Music

Meet Gina Figueroa, the Boricua Woman Who Inspired and Co-Wrote D’Angelo’s Grammy-Nominated “Really Love”

Art by Alan Lopez for Remezcla

In 2014, visionary soul artist D’Angelo (aka Michael Archer) released his first album in 14 years. Music critics breathlessly lauded Black Messiah; the 12-track opus was pieced together over the course of the decade and made it on several publications‘ Best of 2015 lists. This year, the album is nominated in three categories at the 58th Grammy Awards, including two nominations for “Really Love,” a saccharine soul lullaby whose origin story we speculated about back in January of 2015.

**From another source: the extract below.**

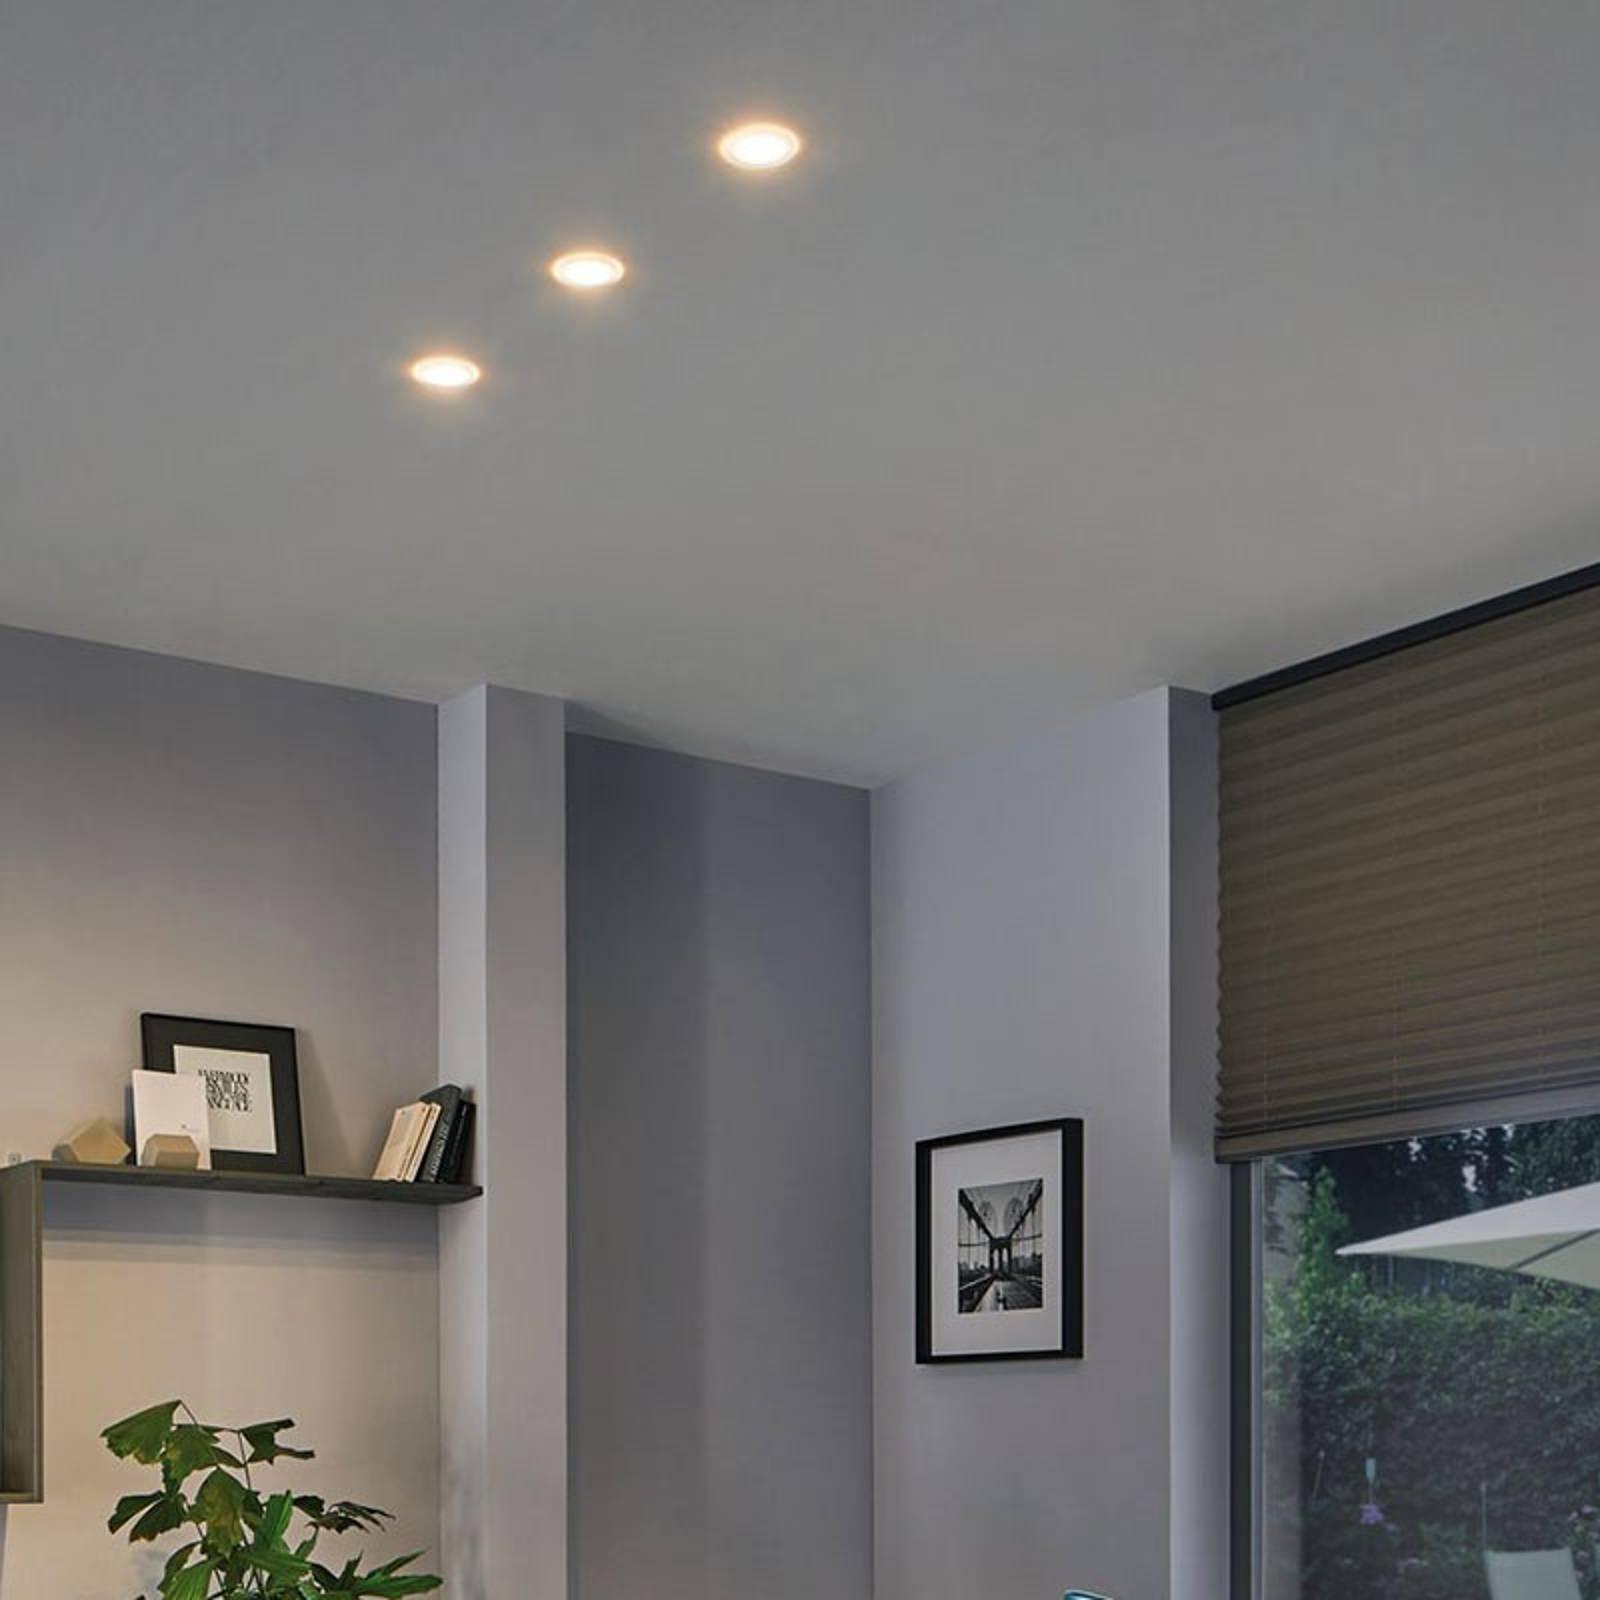 Paulmann Suon 3 luminaires encastrés LED, dimmable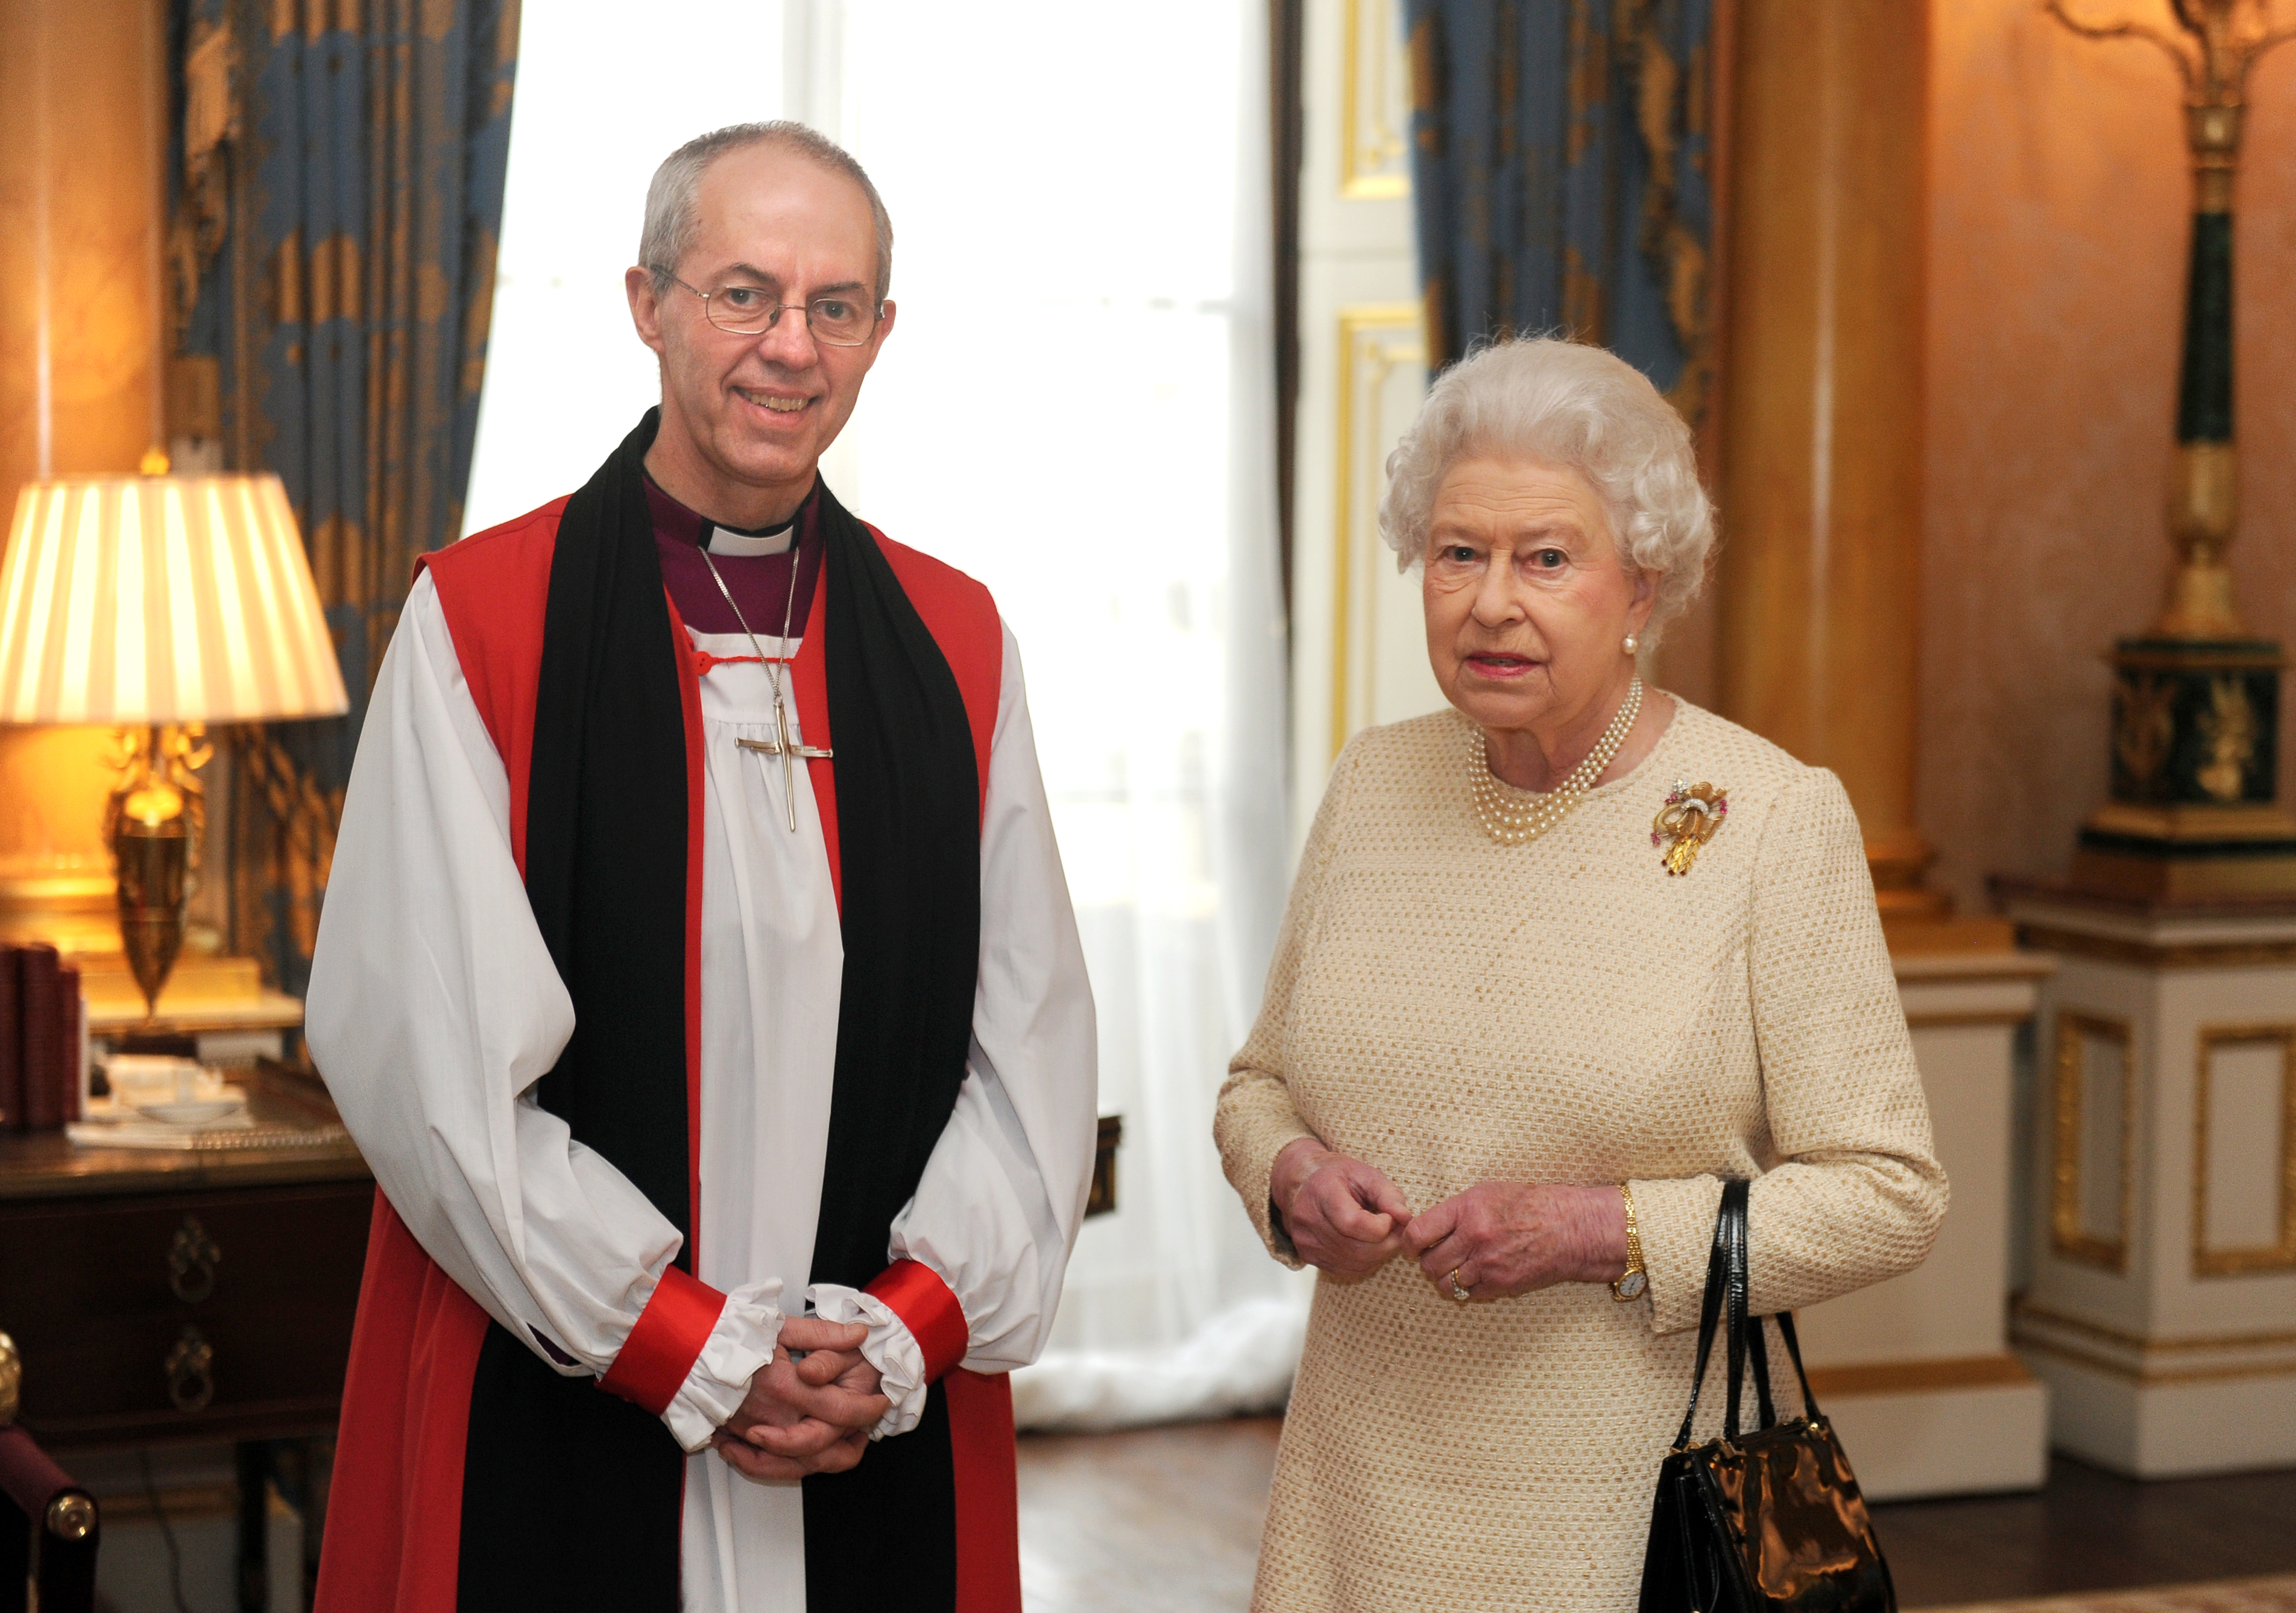 Rainha Elizabeth II, líder da Igreja Anglicana

Gina Figueroa won’t be at tonight’s ceremony to see the song compete. But unbeknownst to many, the Nuyorican artist is the reason “Really Love” exists – in more ways than one. She’s not only the woman behind the spoken word introduction that opens the honey-sweet ballad, she also both inspired and co-wrote the song. And in a strange turn of events, Remezcla’s search for her identity back in 2015 helped spur a months-long process to get her legally credited as a co-writer.

Just ahead of the Grammys, we sat down with Figueroa to discuss for the first time the explosive history of her relationship with D’Angelo, her collaboration on the song, and her attempt to be credited as an official songwriter.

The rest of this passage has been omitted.